Goal of the exercise: Below are lines of data, and only some are wanted. Please repeat exactly those from the line that has "Государственный флаг Республики" through the line that has "Hd Hintergrundbilder Hochzeit".

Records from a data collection
━━━━━━━━━━━━━━━━━━━━
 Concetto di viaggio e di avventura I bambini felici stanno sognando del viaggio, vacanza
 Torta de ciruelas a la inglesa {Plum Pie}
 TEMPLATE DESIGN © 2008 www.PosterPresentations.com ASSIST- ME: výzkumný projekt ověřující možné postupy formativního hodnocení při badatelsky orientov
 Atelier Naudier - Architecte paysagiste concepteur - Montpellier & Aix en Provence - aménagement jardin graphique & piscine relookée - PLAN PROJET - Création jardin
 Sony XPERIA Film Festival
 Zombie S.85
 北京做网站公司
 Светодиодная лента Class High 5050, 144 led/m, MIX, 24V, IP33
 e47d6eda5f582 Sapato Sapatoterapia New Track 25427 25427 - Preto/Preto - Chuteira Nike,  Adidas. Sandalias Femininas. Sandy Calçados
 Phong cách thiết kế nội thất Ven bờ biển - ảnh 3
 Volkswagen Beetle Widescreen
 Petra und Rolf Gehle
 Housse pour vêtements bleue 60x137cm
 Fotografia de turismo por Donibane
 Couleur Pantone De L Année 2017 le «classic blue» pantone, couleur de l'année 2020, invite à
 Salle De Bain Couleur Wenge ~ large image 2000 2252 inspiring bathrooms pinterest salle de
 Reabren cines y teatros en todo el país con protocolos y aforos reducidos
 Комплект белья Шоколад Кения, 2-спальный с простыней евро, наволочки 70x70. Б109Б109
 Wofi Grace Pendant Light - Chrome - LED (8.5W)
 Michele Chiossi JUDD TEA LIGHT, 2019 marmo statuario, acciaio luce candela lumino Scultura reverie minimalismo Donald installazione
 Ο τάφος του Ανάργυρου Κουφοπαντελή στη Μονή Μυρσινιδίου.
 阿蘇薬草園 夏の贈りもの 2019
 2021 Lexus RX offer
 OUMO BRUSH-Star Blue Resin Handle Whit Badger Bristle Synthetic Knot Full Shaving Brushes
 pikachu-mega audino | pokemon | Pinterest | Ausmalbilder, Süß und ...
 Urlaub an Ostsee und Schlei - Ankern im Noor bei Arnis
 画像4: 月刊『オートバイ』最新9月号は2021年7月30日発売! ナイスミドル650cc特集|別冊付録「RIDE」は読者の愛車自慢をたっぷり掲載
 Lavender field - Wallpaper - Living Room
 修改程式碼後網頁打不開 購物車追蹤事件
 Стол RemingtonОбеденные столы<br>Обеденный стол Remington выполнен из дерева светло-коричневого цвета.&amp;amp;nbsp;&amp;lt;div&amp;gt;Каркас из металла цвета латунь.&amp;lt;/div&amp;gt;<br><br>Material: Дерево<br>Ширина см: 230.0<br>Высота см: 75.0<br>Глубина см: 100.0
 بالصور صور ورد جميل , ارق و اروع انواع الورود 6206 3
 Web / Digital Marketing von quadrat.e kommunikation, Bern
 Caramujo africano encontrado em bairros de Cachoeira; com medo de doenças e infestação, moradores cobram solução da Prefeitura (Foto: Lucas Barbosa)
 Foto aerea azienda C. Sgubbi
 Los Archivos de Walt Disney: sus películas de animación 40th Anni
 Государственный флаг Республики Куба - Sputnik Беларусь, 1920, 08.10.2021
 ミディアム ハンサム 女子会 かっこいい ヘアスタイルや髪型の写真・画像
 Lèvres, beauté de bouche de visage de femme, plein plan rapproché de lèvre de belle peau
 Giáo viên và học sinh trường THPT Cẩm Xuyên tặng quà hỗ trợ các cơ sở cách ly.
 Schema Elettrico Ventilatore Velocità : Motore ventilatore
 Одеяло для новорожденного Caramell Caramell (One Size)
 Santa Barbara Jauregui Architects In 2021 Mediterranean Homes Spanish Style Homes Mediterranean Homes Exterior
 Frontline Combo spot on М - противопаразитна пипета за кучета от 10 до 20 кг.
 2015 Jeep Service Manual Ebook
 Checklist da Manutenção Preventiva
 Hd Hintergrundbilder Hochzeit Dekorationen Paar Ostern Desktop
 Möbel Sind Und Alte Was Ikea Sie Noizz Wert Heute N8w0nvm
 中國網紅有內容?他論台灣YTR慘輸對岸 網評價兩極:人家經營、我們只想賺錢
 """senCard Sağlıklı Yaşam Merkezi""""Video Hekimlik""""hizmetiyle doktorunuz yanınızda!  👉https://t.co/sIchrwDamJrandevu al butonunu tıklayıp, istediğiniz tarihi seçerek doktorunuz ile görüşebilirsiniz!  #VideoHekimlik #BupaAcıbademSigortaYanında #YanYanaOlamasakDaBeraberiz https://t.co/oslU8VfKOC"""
━━━━━━━━━━━━━━━━━━━━
Expected answer:
 Государственный флаг Республики Куба - Sputnik Беларусь, 1920, 08.10.2021
 ミディアム ハンサム 女子会 かっこいい ヘアスタイルや髪型の写真・画像
 Lèvres, beauté de bouche de visage de femme, plein plan rapproché de lèvre de belle peau
 Giáo viên và học sinh trường THPT Cẩm Xuyên tặng quà hỗ trợ các cơ sở cách ly.
 Schema Elettrico Ventilatore Velocità : Motore ventilatore
 Одеяло для новорожденного Caramell Caramell (One Size)
 Santa Barbara Jauregui Architects In 2021 Mediterranean Homes Spanish Style Homes Mediterranean Homes Exterior
 Frontline Combo spot on М - противопаразитна пипета за кучета от 10 до 20 кг.
 2015 Jeep Service Manual Ebook
 Checklist da Manutenção Preventiva
 Hd Hintergrundbilder Hochzeit Dekorationen Paar Ostern Desktop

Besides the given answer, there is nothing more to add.